YOu have all necessary things already in place it's simply a question of managing authorization correctly. Authentication is done by the LDAP. Then your external table(s) bring in the user/group information based on which you then authorize. I.e. only users coming in with a vali group from the external table and get translated into a valid application role have access. Done.
Also as Gianni already said: Do not triple-post!
Yes christian Berg, I cld able to bring the groups in which the user belongs to in external table and apply roles and when that user logins it perfectly working, it shows only the desired dashboards for him.
but other LDAP users who are not part of external tables users or grps , can able to login, due to Active directory pwds and can see the Dashboards
so unable to restrict these users.did i miss any configure settings ...?.
Define a group in your Active Directory with users who should able to login in OBIEE and filter on this from Console.

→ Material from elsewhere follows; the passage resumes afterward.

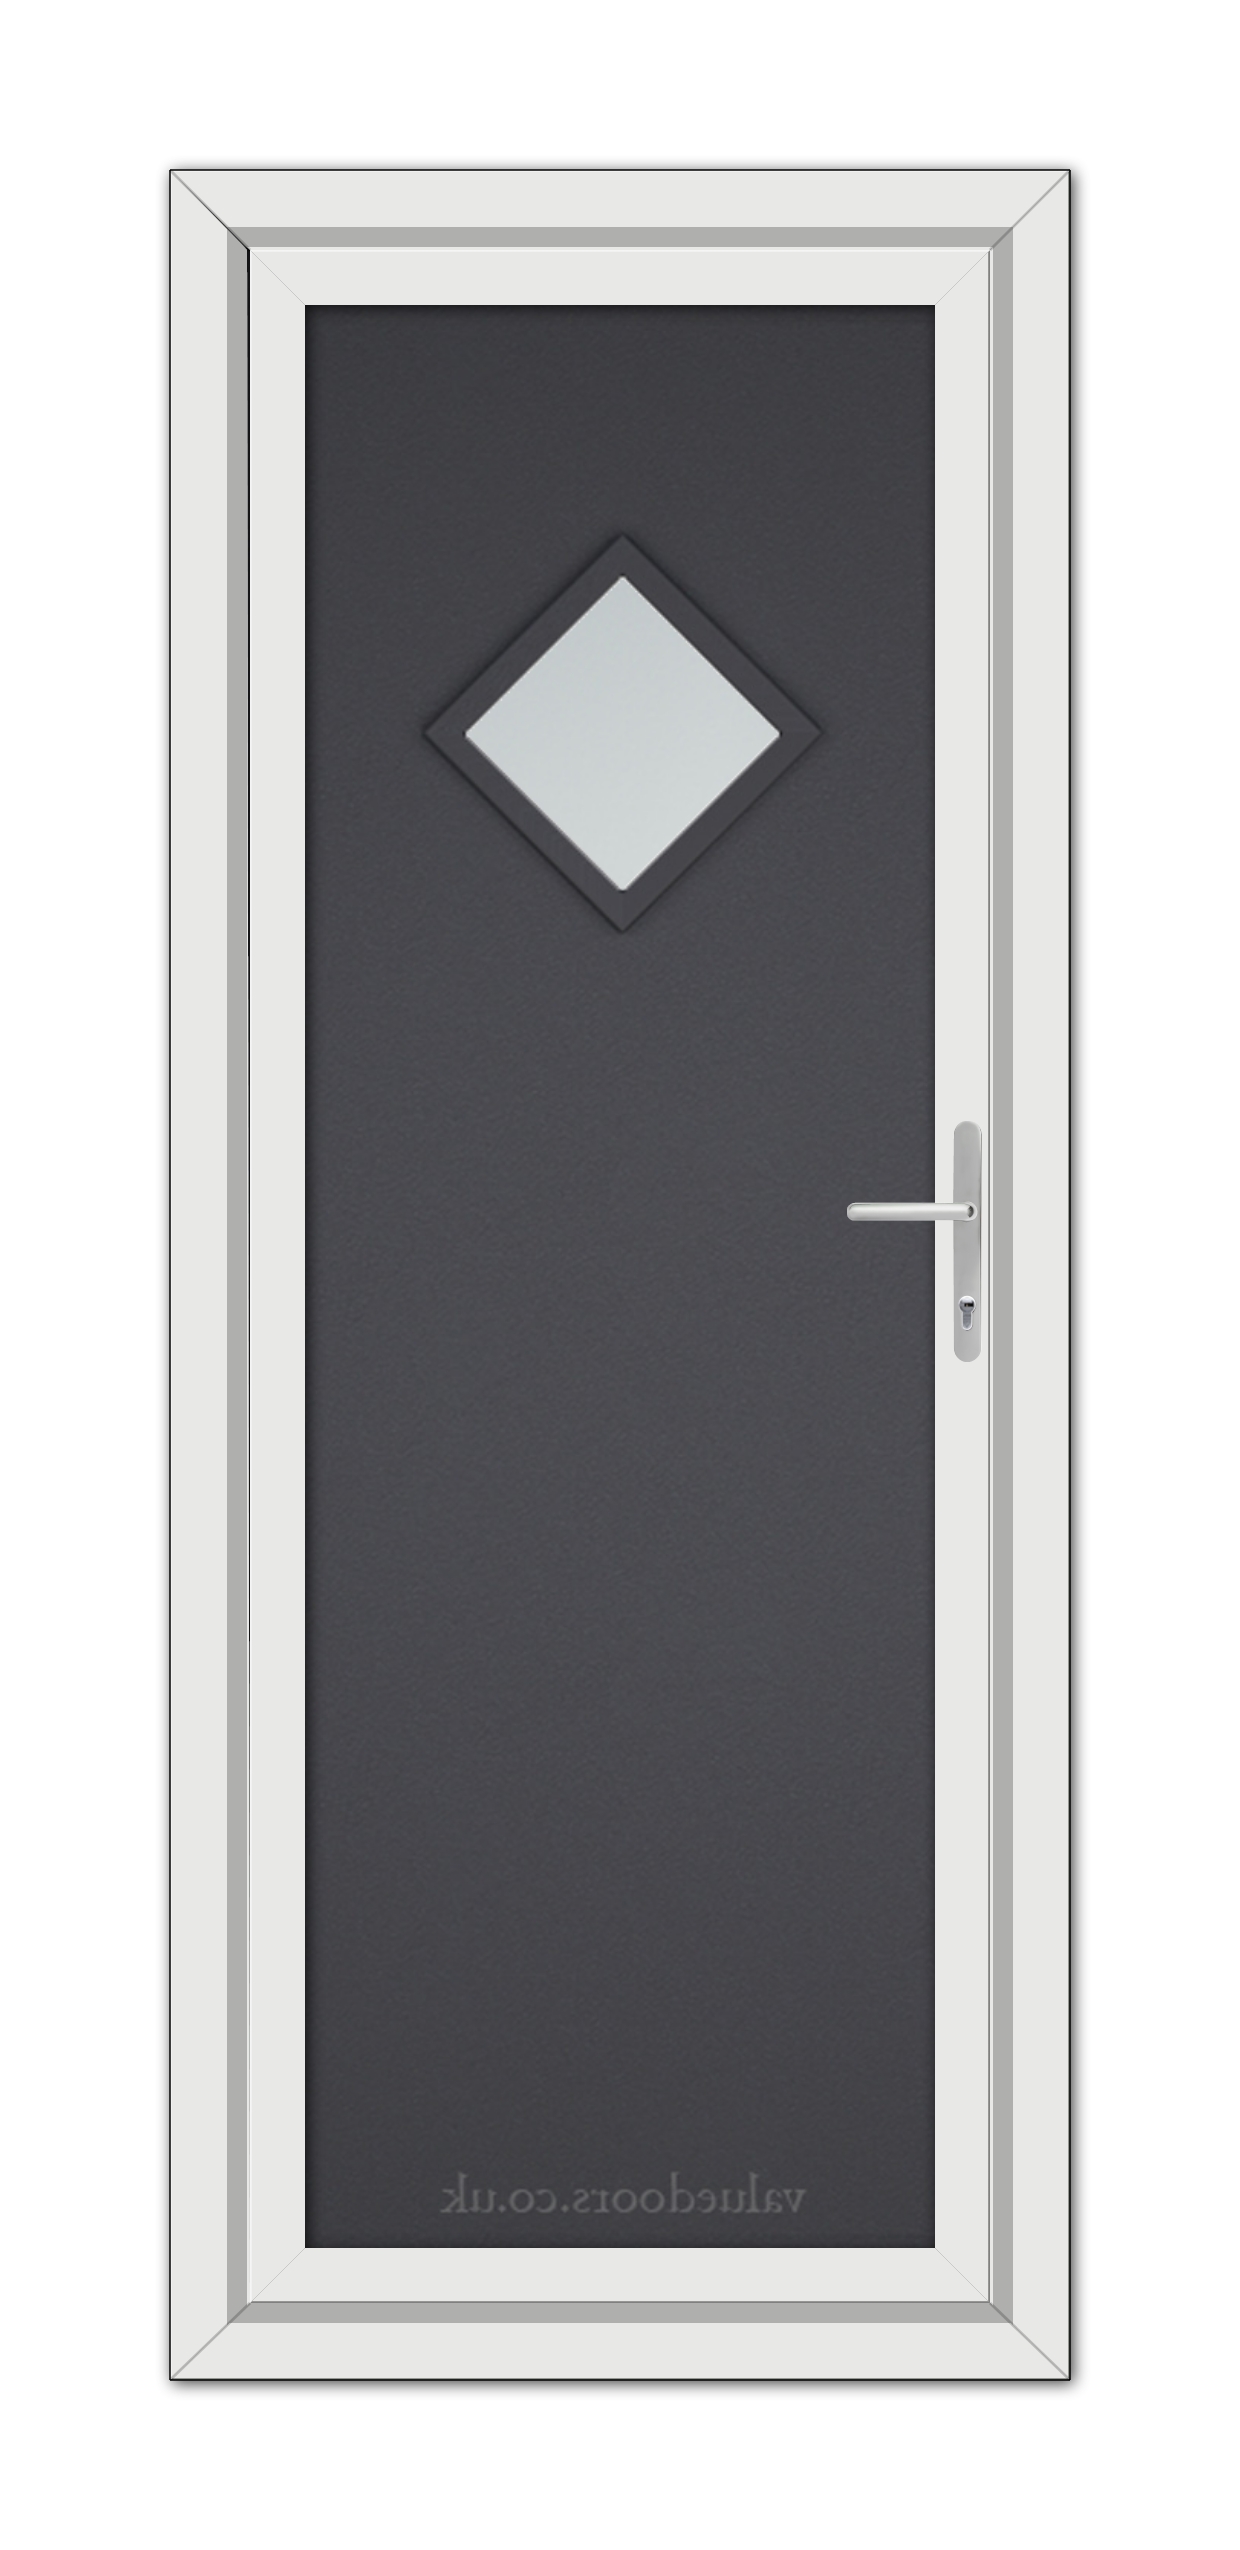 Grey Grained Modern 5131 uPVC door frame enclosing a Grey Grained Modern 5131 uPVC door with a diamond-shaped window and a metal handle, displayed vertically.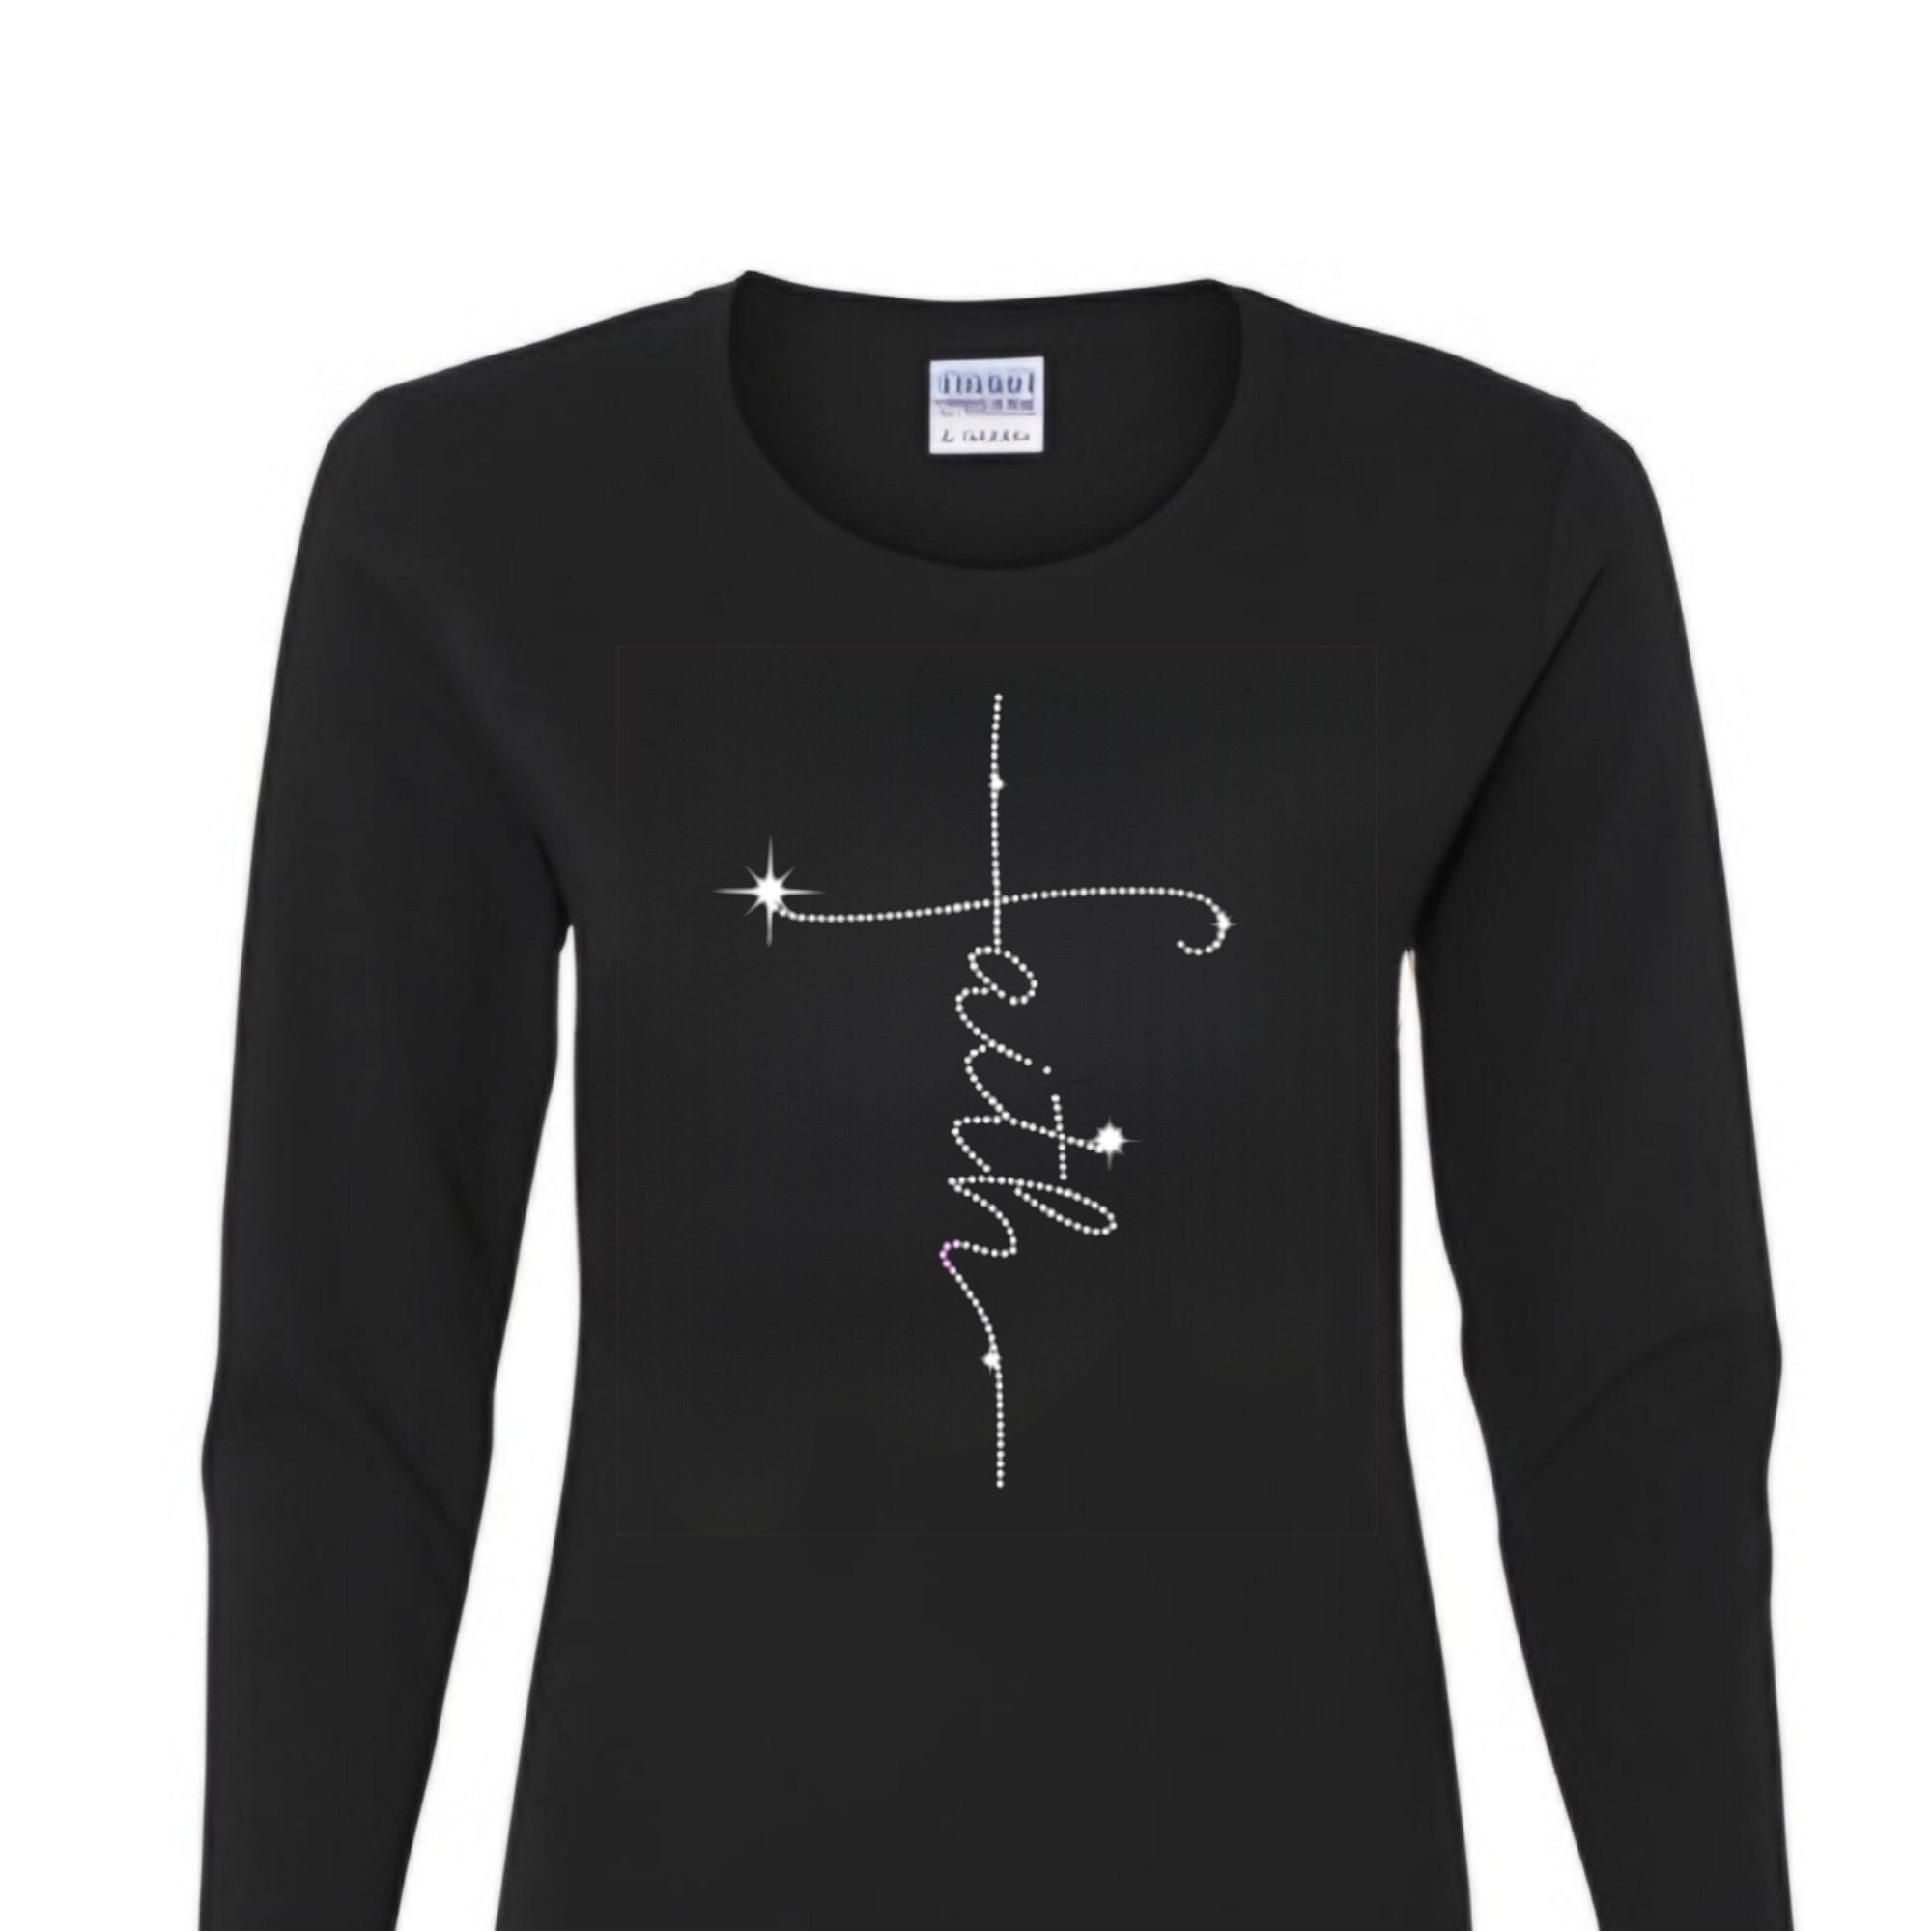 Rhinestone Shirt Faith T Shirt Bedazzled T Shirt Bling Gift Religious ...

Furthermore: your security setup doesn't seem correct. It should not be the case that a user belonging to BIConsumer should see all dashboards. Did you setup any securityon dashboard level?
That just means that you didn't clean out the vanilla security and the "Authenticated User" application role is still allowed access rights and privileges.
Or worse: You have some weird inheritance making every authenticated user a BIConsumer.
Basically something's rotten.
Just saw that the other thread is also active...can you PLEASE close one and only manage ONE thread?